Lisa Kos beschrieb das reale Leben. Ihr deutscher Freund Rainer führte sie in den Karneval ein. Kulturschock. Gelegenheit, das Calwer Publikum zu fragen, ob es hier auch so etwas gäbe. Den Zuruf "seit zehn Jahren gibt es Fasching in Calw" quittiert Kos spontan: "Was ist denn vor zehn Jahren passiert – ist ein Katholik nach Calw zugezogen?"

Überhaupt konnte es die Dame in rot gut mit dem Publikum, insbesondere den Herren in der ersten Reihe. Es heizte die Stimmung an, als sie Oliver nach dem Namen fragte, um ihm dann zu bescheinigen, dass er ein guter deutscher Mann ist. Er spricht, wenn er gefragt wird. Um dann aber dem Wilfried, exakt das Gegenteil zu bestätigen. Dieser plapperte ohne Auftrag. Bekannte der Angesprochenen konnten sich vor Lachen kaum halten. Die Aachenerin zelebrierte Lieder über Klischees, um damit exakt diese Klischees zu bedienen. Diese Kunst beherrschte Lisa Kos perfekt.

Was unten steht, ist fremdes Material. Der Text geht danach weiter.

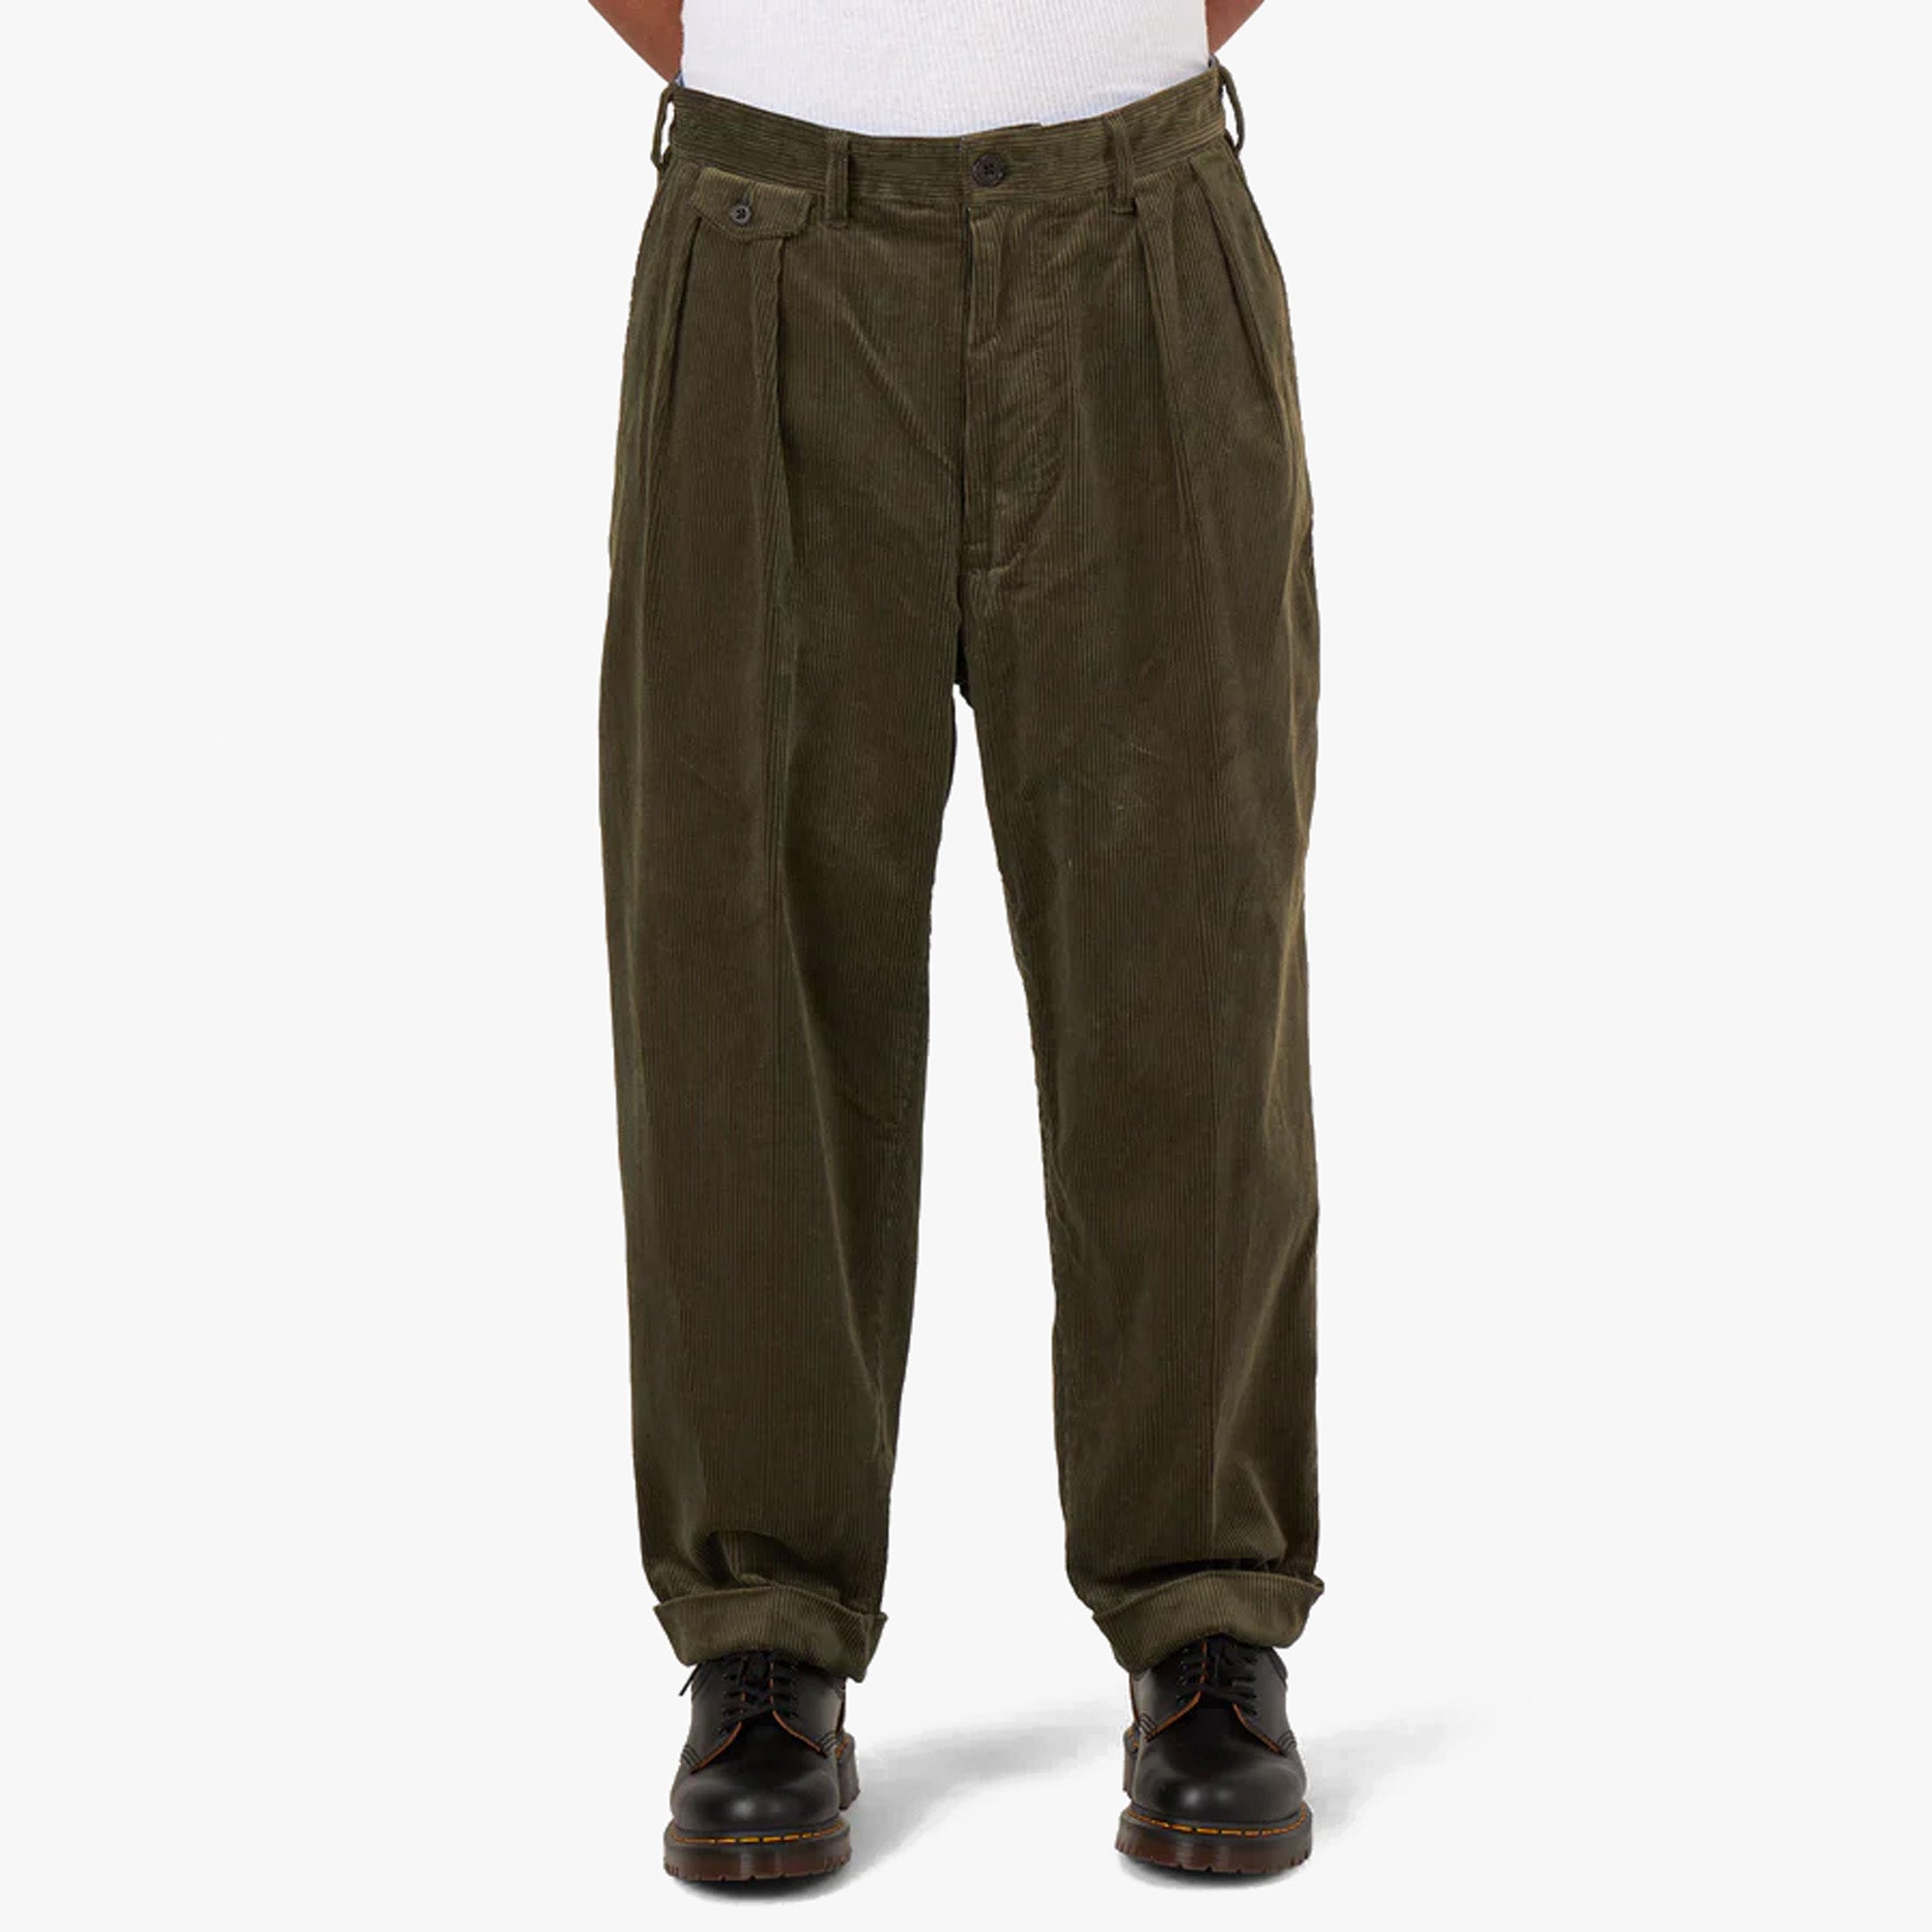 Tooling American Vintage Corduroy Loose Casual Men's Trousers | Mens  trousers casual, Mens work pants, Corduroy pants men

Auf diese Weise bekommen auch die Türken und Russen ihr Lisa Kos-Fett ab. Mit bekanntem russischen Akzent oder mit Kopftuch bekleidet schafft sie beide Darstellungen schauspielerisch. Sie verriet, dass ihr Vater gläubig sei. Er glaube immer noch, dass er das Oberhaupt der Familie ist. Ihren realen Zugang zum türkischen Leben erhielt sie übrigens durch ihre Ehe mit dem Deutschen "Achmet". Das Kopftuch trug sie vier Jahre lang. Heutzutage, im Nachhinein, kann Lisa Kos in der Rolle der "Aynur" Witze darüber machen. O-Ton zu Achmets Einstellung zur Ehe: "Du musst jetzt nicht mehr selbst überlegen. Ich überlegen – du unterlegen." Berührend und dennoch witzig das Lied auf türkisch "Bin ich". Eine Prise schwarzer Humor. Wie öfters an diesem Abend.

Voller geht es nicht

Für Svetlana Kalaschnikova mit blonder Perücke und weißen Stiefeln ist "russischer Mann ein Wesen voller (nun stockende Stimme) – voller geht es nicht..." Lisa Kos frotzelt über Eigenheiten bestimmter Spezies auf dieser Erde. Seien es Männer oder Frauen, Deutsche, Türken oder Russen. Aber: Sie bricht alles am Ende auf sich selbst herunter. Gerade das macht sie so sympathisch. Sie nimmt sich selbst auf die Schippe und verschont sich am aller wenigsten.

Letztlich lässt Frau Kos alle drei Frauen, die in ihr stecken, gemeinsam aufbrechen zu einem unterhaltsamen Abend. Die Deutsche und die Russin trinken einen – die Türkin fährt alle nach Hause.

Lisa Kos darf sich als erste Trägerin des in Anlehnung an die "Goldene Palme" geschaffenen Künstlerpreises "die grüne Schwarzwaldtanne" fühlen. Der Preis wurde vom hiesigen Jugendforschungszentrum konzipiert und geschaffen. Der Verein bedankte sich mit dieser Palme für die gelungene Performance.